5. The Usual Suspects
Anyone who has seen the movie knows which scene. Anyone who hasn't, I will be giving too much away by giving anymore information. Also go see it. Now.
4. Harry Potter and the Goblet of Fire- The Graveyard
This is probably the reason I got so into the books this summer, just in time for 7. By the time I had seen this scene I had read up to book 6, and I am of course an adult, who ought not to be scared by children's movies. I spent the whole scene chewing my nails convinced I'd have nightmares.
3. The Meaning of Life- John Clease's Sex Ed Lesson
I do wish you'd listen, Wymer. It's perfectly simple. If you're not getting your hair cut, you don't have to move your brother's clothes down to the lower peg. You simply collect his notes before lunch, after you've done your scripture prep, when you've written your letter home, before rest, move your own clothes onto the lower peg, greet the visitors, and report to Mr. Viney that you've had your chit signed.

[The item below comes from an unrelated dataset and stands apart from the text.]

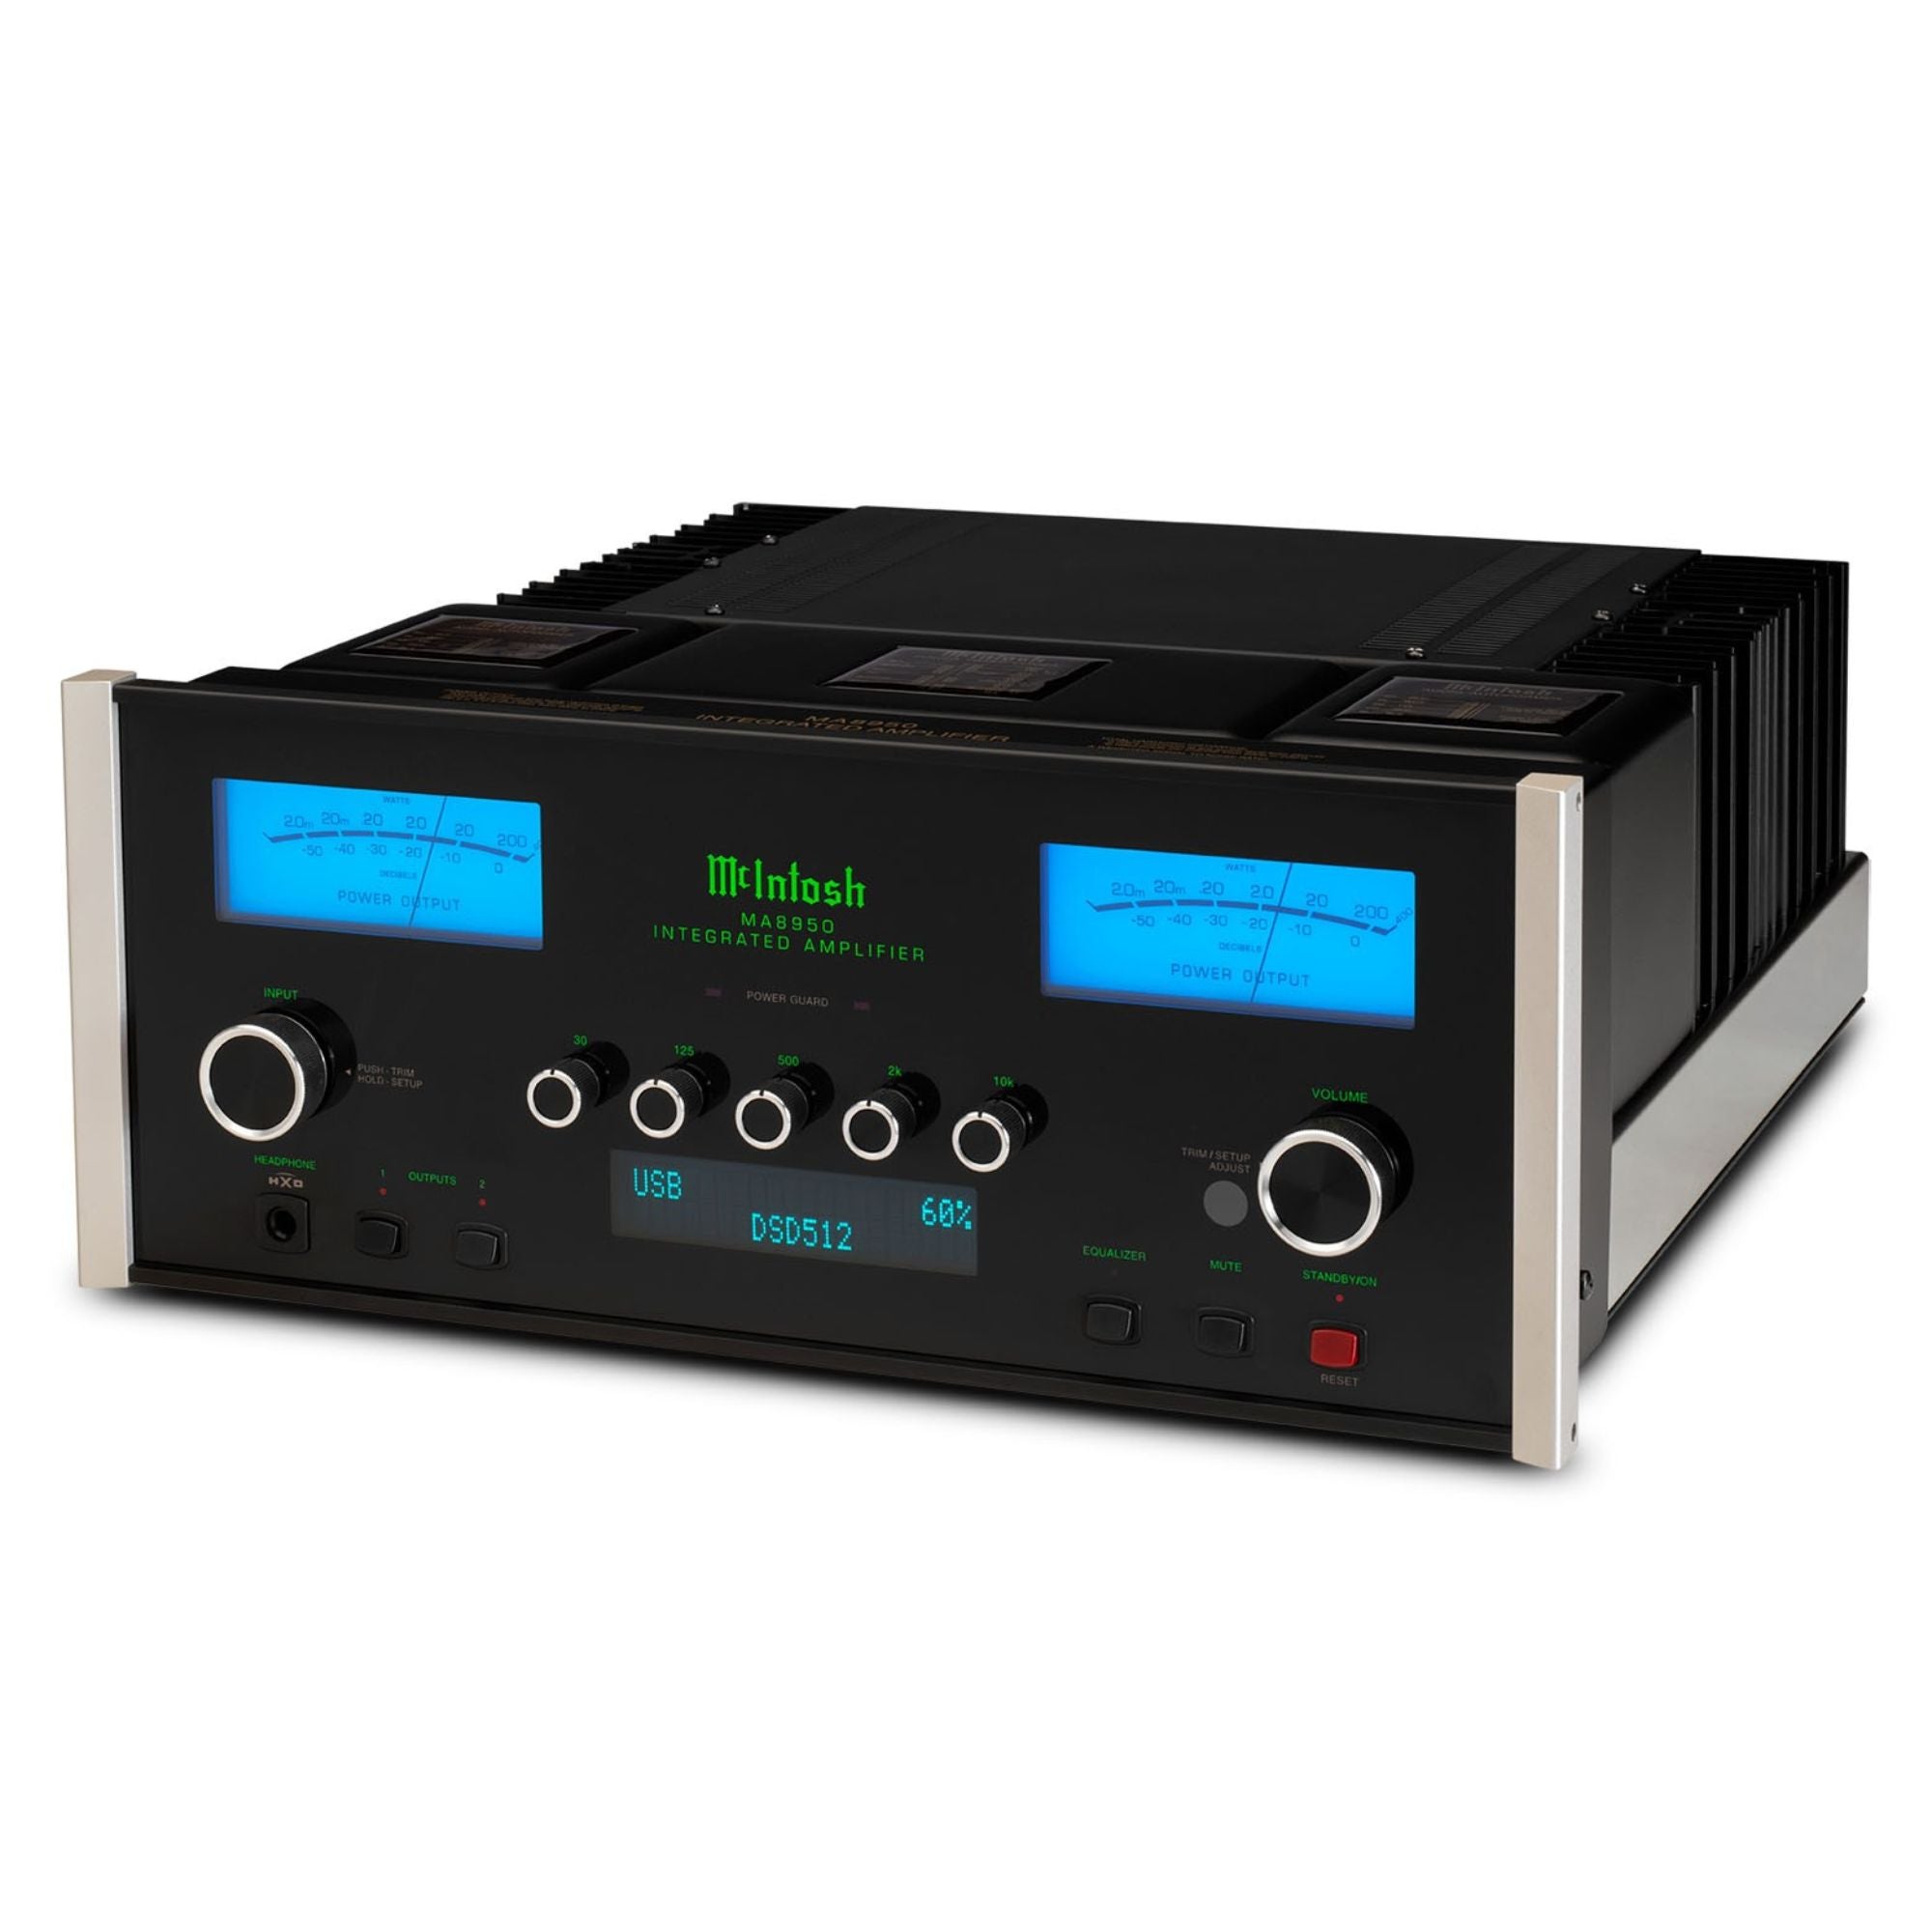 McIntosh Labs MA8950 - 2 Channel Integrated Amplifier - AVStore

2. City Lights- The blind girl's vision is restored
I don't think an explanation is needed.
1. Big Fish- Edward Bloom falls in love
OK, so technically this "scene" lasts 30 minutes and takes up a huge amount of the movie. Still, I maintain that I Liz Buchanan also like Daffodils and music and am going college. Someday Ewan...
Honourable mentions go to: the scene in Bubba Ho-Tep where JFK explains to Elvis how he survived, the fight in Kill Bill between Elle and Beatrix and the scene with the missle in The Iron Giant (which never fails to make me cry).
10 Worst Movies I've ever been made to see and who I blame for inflicting that on me.
10. Under Seige (a bus full of Leafs fans, whose good taste ended there)
9. Sorority House Massacre (Becky)
8. Mrs Brown (Queen Victoria)
7. Red Zone Cuba (Mike Nelson and the creators of Mystery Science Theatre 3000, who to their credit, made the experience a lot less painful)
6. Mars Attacks (Auntie Brenda?)
5. Topsy Turvy (The Academy)
4. Paulie (Greyhound Canada)
3. Dude, Where's My Car? (Tammy)
2. Death of a President (I have only myself to blame. Shame on me. Sorry Andrew)
1. The Fast and the Furious (Caroline)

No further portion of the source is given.